The Java NetCDF package (v2.2) attempts to gain information from the content of the NetCDF file. It examines the collection of dimension names, file attributes and variable attributes to determine whether the file conforms to a "convention". If so, the NetCDF package will designate that certain dimensions have certain meanings, like "geographic latitude" and "geographic longitude". If a variable is defined with a combination of dimensions which have known spatial meanings, that variable is designated a "GeoGrid". A GeoGrid can have a mixture of meaningful dimensions and dimensions which have no known meaning. This is very nearly what we want to accomplish with the MultiDimensional Georegistered Grid inside Geotools.

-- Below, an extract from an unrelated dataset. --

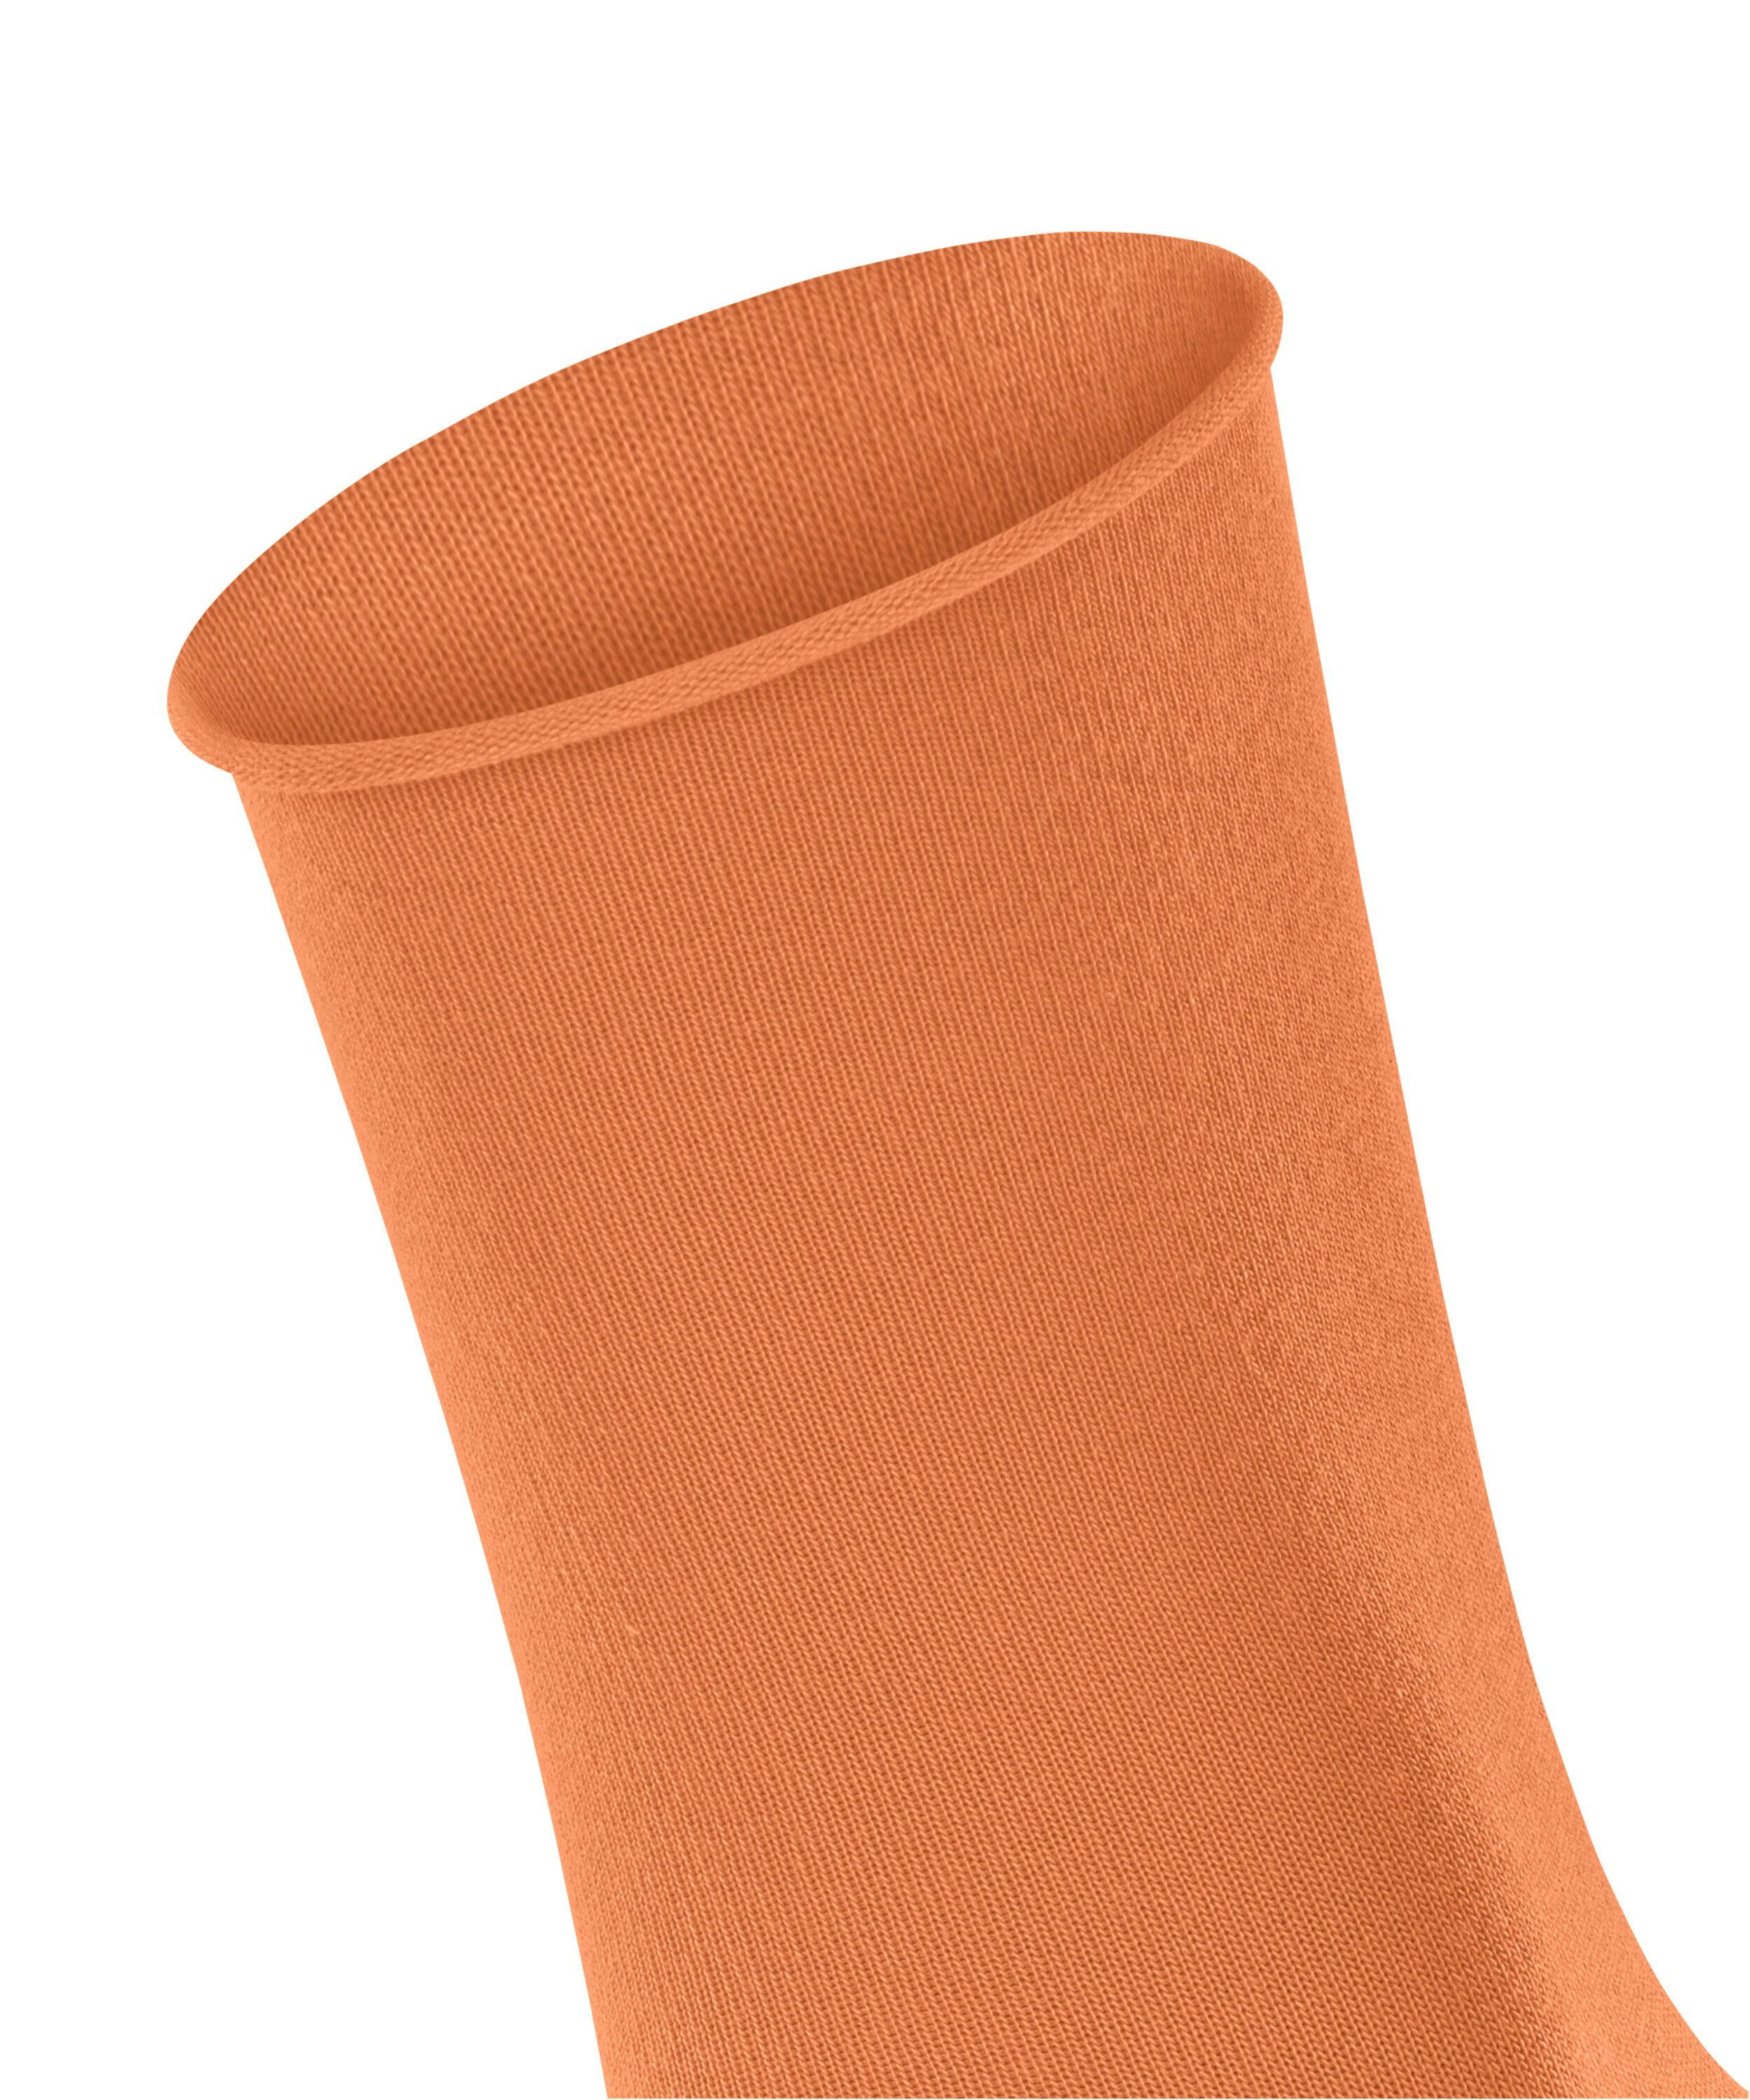 Breeze Active FALKE (8576) tandoori (1-Paar) Socken

The IO plugins should be capable of building up a set of axes from the contents of the data source even if Geotools is not expected to understand a few of them.
The dumber you are, the faster you are. Applications which merely iterate through the grid to perform some operation will always be the fastest. Applications which take the time to iterate over some abstract space not directly represented by reality will incur some additional overhead. It could very well be that an application is interested in applying meaning to the axes only to identify an interesting subset of data.
It is not the place of a toolkit to impose an unwanted level of abstraction on an application.
A toolkit must provide a service or otherwise add value.
|Correlary to Theorem 1 and Theorem 2|
A toolkit must allow the application to decide what level of abstraction to impose on the problem. If possible, the application writer should be allowed to access the same data using different levels of abstraction.
|Therefore, we must...|
The API we develop should allow users access to the geospatial smarts inside Geotools without forcing the user to access data via geographic location.
Path to expansion
Two obvious alternatives present themselves immediately.
- Define our own axes description framework completely outside of the ISO19111 framework, but using ISO19111 for geospatial axes description...
- See if we can extend ISO19111 in such a way that it can tolerate non spatio-temporal axes. Can a coordinate system be defined to ignore axes it doesn't understand?
- Note from Martin: Yes, ISO 19111 is very easy to extends (for example with a
SpectralCS). However, we have to decide if it is the right thing to do on a conceptual point of view.
- Note from Martin: Yes, ISO 19111 is very easy to extends (for example with a
What issues arise from this? How do "filler" dimensions impact the concept of using a MathTransform to perform a coordinate conversion or transform? Is the solution straightforward?
Gridded data natively supports a very concise notion of rectangular data subsetting. Our subsetting method should permit access to this notion as well as allow the user to subset via our "value added" geospatial meaning.